Is bit rot really a threat that I should worry about?

A Mouse · 2 years ago

Is bit rot really a threat that I should worry about?

@dragontamer@lemmy.world · edit-2 2 years ago

Wait, what’s wrong with issuing “ZFS Scan” every 3 to 6 months or so? If it detects bitrot, it immediately fixes it. As long as the bitrot wasn’t too much, most of your data should be fixed. EDIT: I’m a dumb-dumb. The term was “ZFS scrub”, not scan.

If you’re playing with multiple computers, “choosing” one to be a NAS and being extremely careful with its data that its storing makes sense. Regularly scanning all files and attempting repairs (which is just a few clicks with most NAS software) is incredibly easy, and probably could be automated.

A Mouse · 2 years ago

I guess, my primary concern was if I didn’t have the computer with ZFS(in my case btrfs but similar thing). Maybe it is for the best that I keep the raid setup to scrub and make sure important data is safe, and use the smaller single disk mini PC for services and data that isn’t as important.

@dragontamer@lemmy.world · edit-2 2 years ago

If you have a NAS, then just put iSCSI disks on the NAS, and network-share those iSCSI fake-disks to your mini-PCs.

iSCSI is “pretend to be a hard-drive over the network”. iSCSI can exist “after” ZFS or BTRFS, meaning your scrubs / scans will fix any issues. So your mini-PC can have a small C: drive, but then be configured so that iSCSI is mostly over the D: iSCSI / Network drive.

iSCSI is very low-level. Windows literally thinks its dealing with a (slow) hard drive over the network. As such, it works even in complex situations like Steam installations, albeit at slower network-speeds (it gotta talk to the NAS before the data comes in) rather than faster direct connection to hard drive (or SSD) speeds.

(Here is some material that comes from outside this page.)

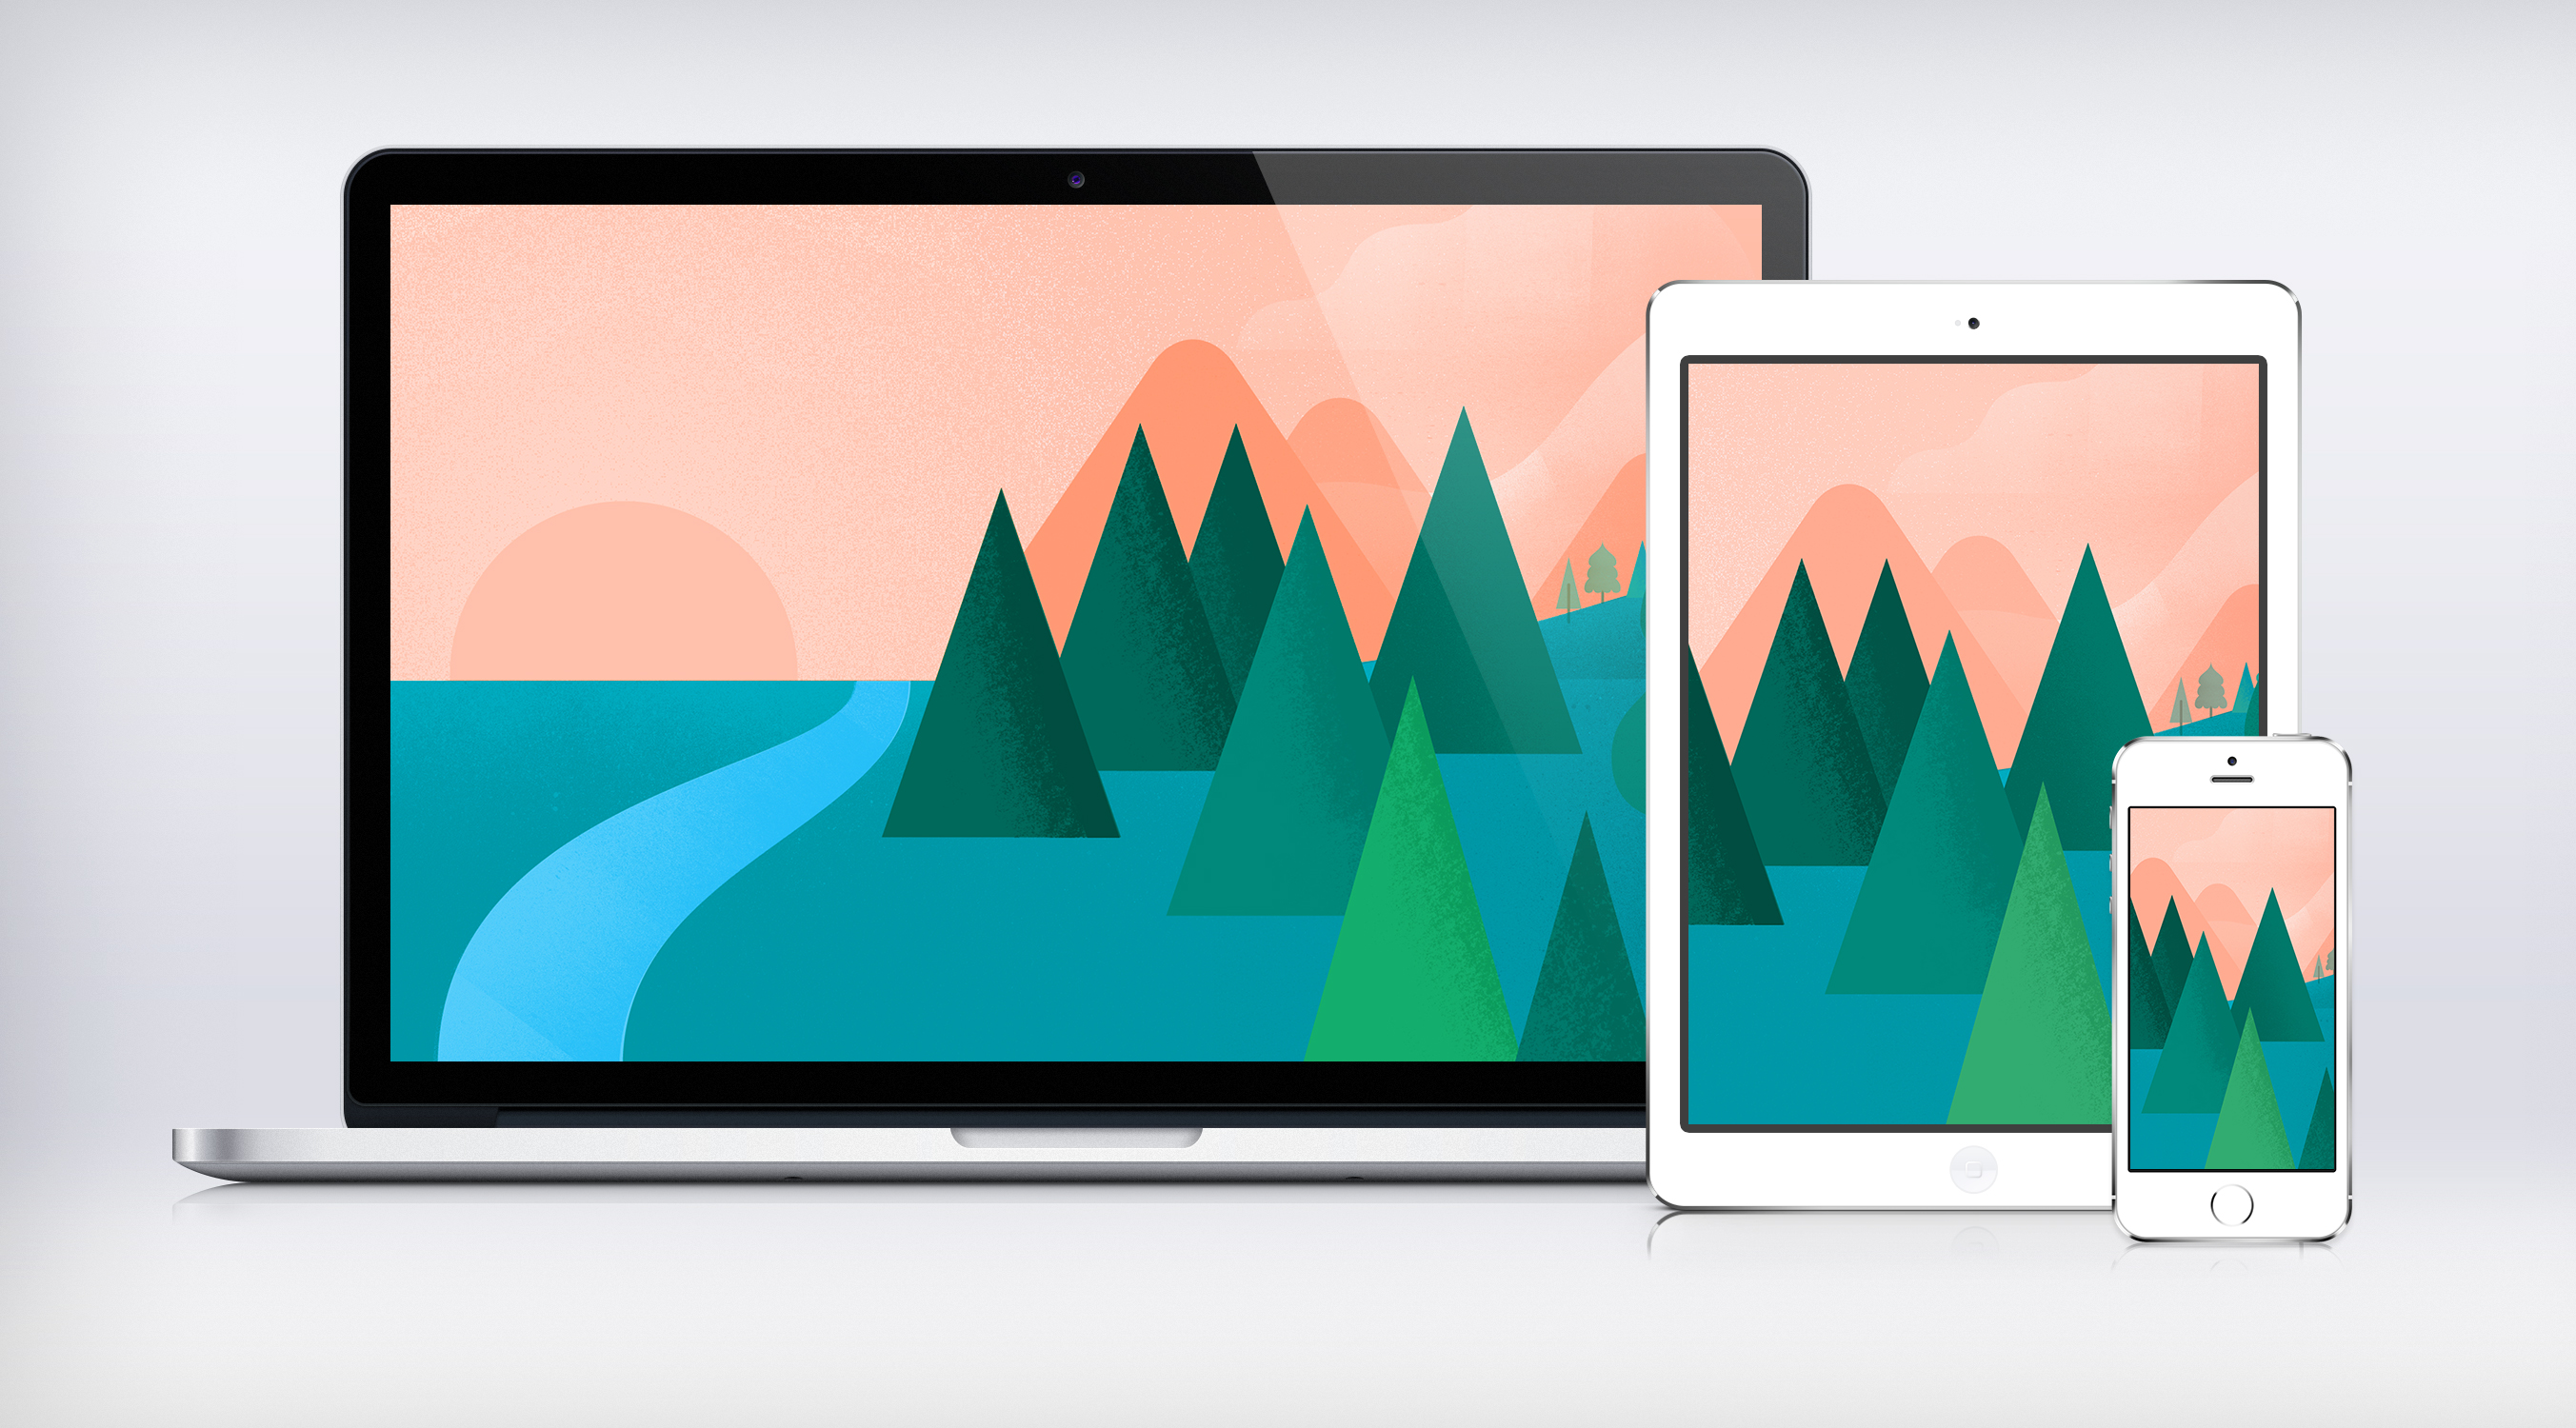 Google I/O Landscape Wallpaper Material Design

Bitrot is a solved problem. It is solved by using bitrot-resilient filesystems with regular scans / scrubs. You build everything on top of solved problems, so that you never have to worry about the problem ever again.

@vividspecter@lemm.ee · 2 years ago

As such, it works even in complex situations like Steam installations

Steam also works with NFS just fine (at least for the libraries, maybe not a full Steam installation), although Samba can be problematic in my experience. But your overall point is reasonable.

A Mouse · 2 years ago

Thanks for that information about iSCSI, I hadn’t looked into it. I will probably just stick with my primary server for the moment, maybe rebuild it into a NAS, and than use mini PCs with it as the storage.

@markstos@lemmy.world · 2 years ago

You don’t define bitrot. If you leave software alone with no updates for long enough, yes, there will be problems.

There will eventually be a security issue with no fix, or a new OS or hardware it doesn’t work on.

Backups can also fail over time if restores are not tested periodically.

This recently happened to me. A server wouldn’t boot anymore, so we restored from backup, but it still wouldn’t boot. The issue was that we’d introduced change that caused a boot failure. To fix that by restoring from a backup, we’d need a backup from before that change. It turns out we had one, but didn’t realize what the issue was.

The other moral is to reboot frequently if only to confirm the system can still boot.

@dragontamer@lemmy.world · edit-2 2 years ago

That’s not what storage engineers mean when they say “bitrot”.

“Bitrot”, in the scope of ZFS and BTFS means the situation where a hard-drive’s “0” gets randomly flipped to “1” (or vice versa) during storage. It is a well known problem and can happen within “months”. Especially as a 20-TB drive these days is a collection of 160 Trillion bits, there’s a high chance that at least some of those bits malfunction over a period of ~double-digit months.

Each problem has a solution. In this case, Bitrot is “solved” by the above procedure because:

Bitrot usually doesn’t happen within single-digit months. So ~6 month regular scrubs nearly guarantees that any bitrot problems you find will be limited in scope, just a few bits at the most.
Filesystems like ZFS or BTFS, are designed to handle many many bits of bitrot safely.
Scrubbing is a process where you read, and if necessary restore, any files where bitrot has been detected.

Of course, if hard drives are of noticeably worse quality than expected (ex: if you do have a large number of failures in a shorter time frame), or if you’re not using the right filesystem, or if you go too long between your checks (ex: taking 25 months to scrub for bitrot instead of just 6 months), then you might lose data. But we can only plan for the “expected” kinds of bitrot. The kinds that happen within 25 months, or 50 months, or so.

If you’ve gotten screwed by a hard drive (or SSD) that bitrots away in like 5 days or something awful (maybe someone dropped the hard drive and the head scratched a ton of the data away), then there’s nothing you can really do about that.

@iHUNTcriminals@lemm.ee · 2 years ago

Does the smart thing in omv take care of this? Anyone know? Obviously I’m a novice haha.